▶ Dataset excerpt
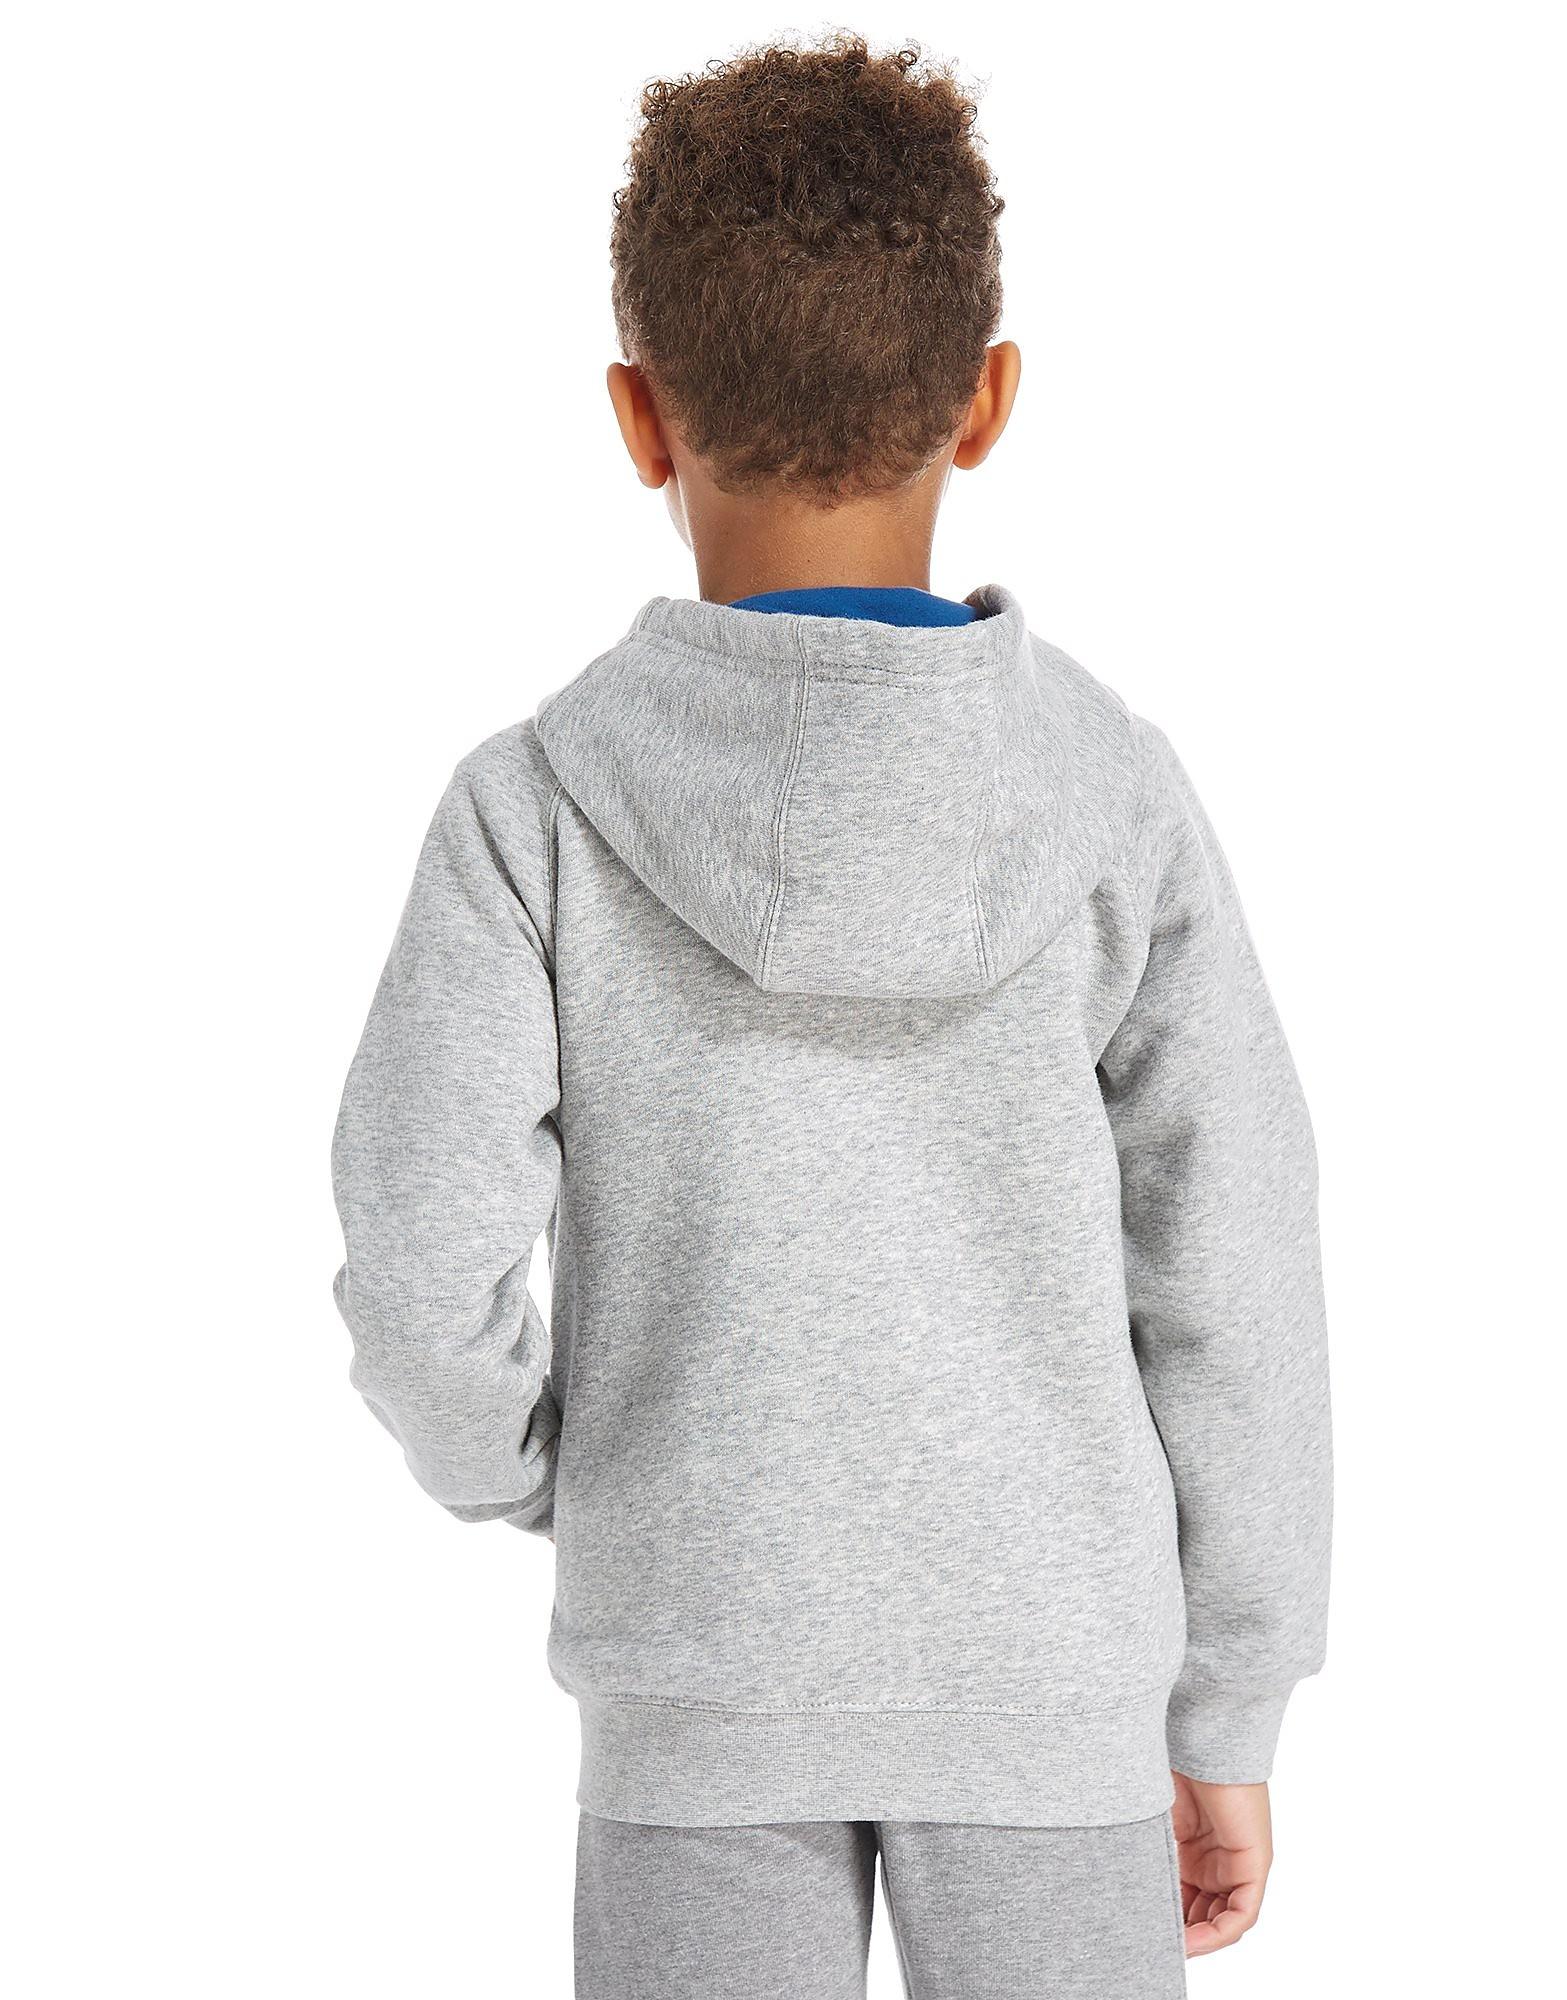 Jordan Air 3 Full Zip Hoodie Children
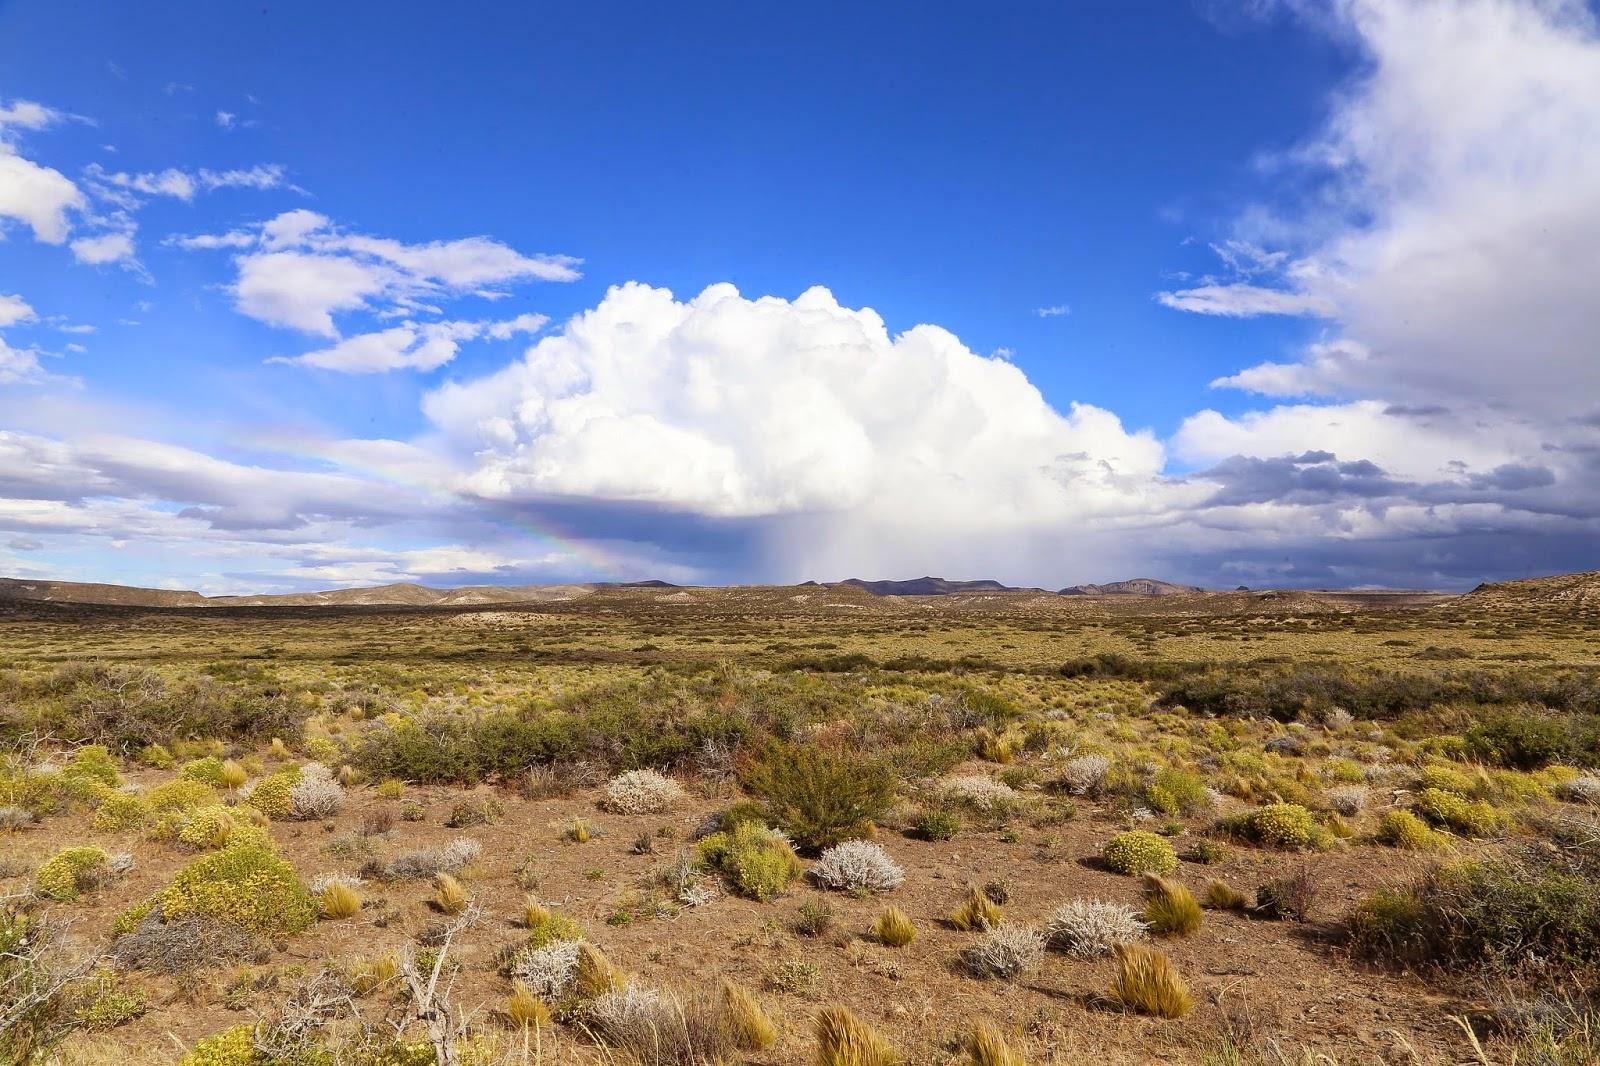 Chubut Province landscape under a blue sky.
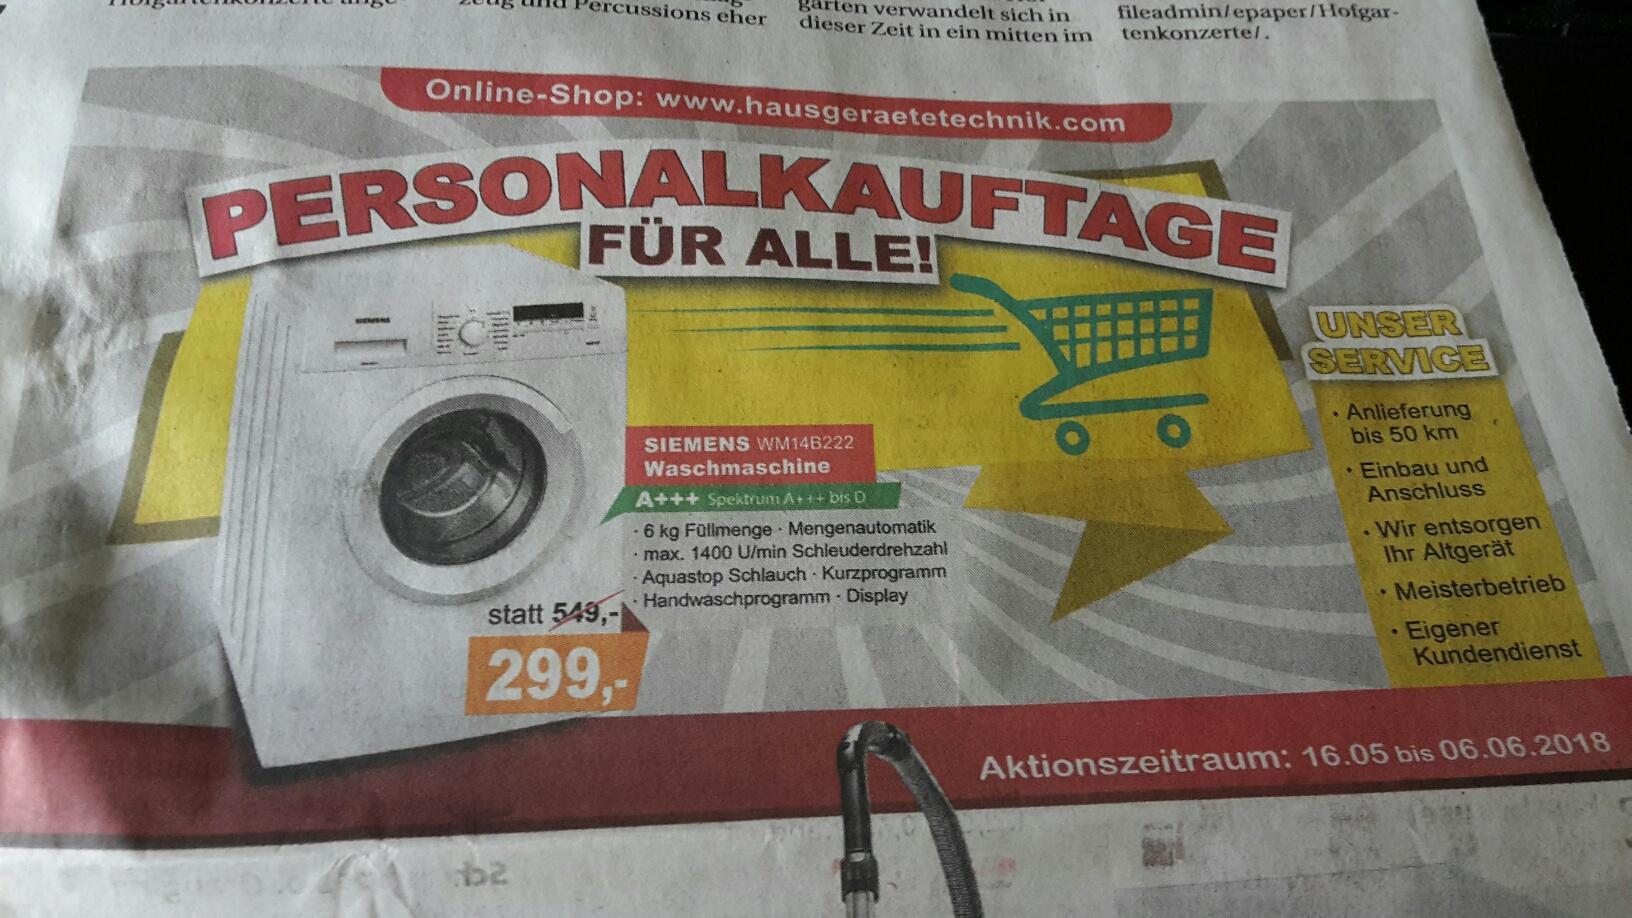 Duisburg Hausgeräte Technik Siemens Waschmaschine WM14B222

▶ Your objective
Where the line containing "Chubut Province landscape under a blue sky." appears, begin writing out the lines exactly, and continue through the end of the material above, omitting pictures.

▶ Problem solution
 Chubut Province landscape under a blue sky.
 Duisburg Hausgeräte Technik Siemens Waschmaschine WM14B222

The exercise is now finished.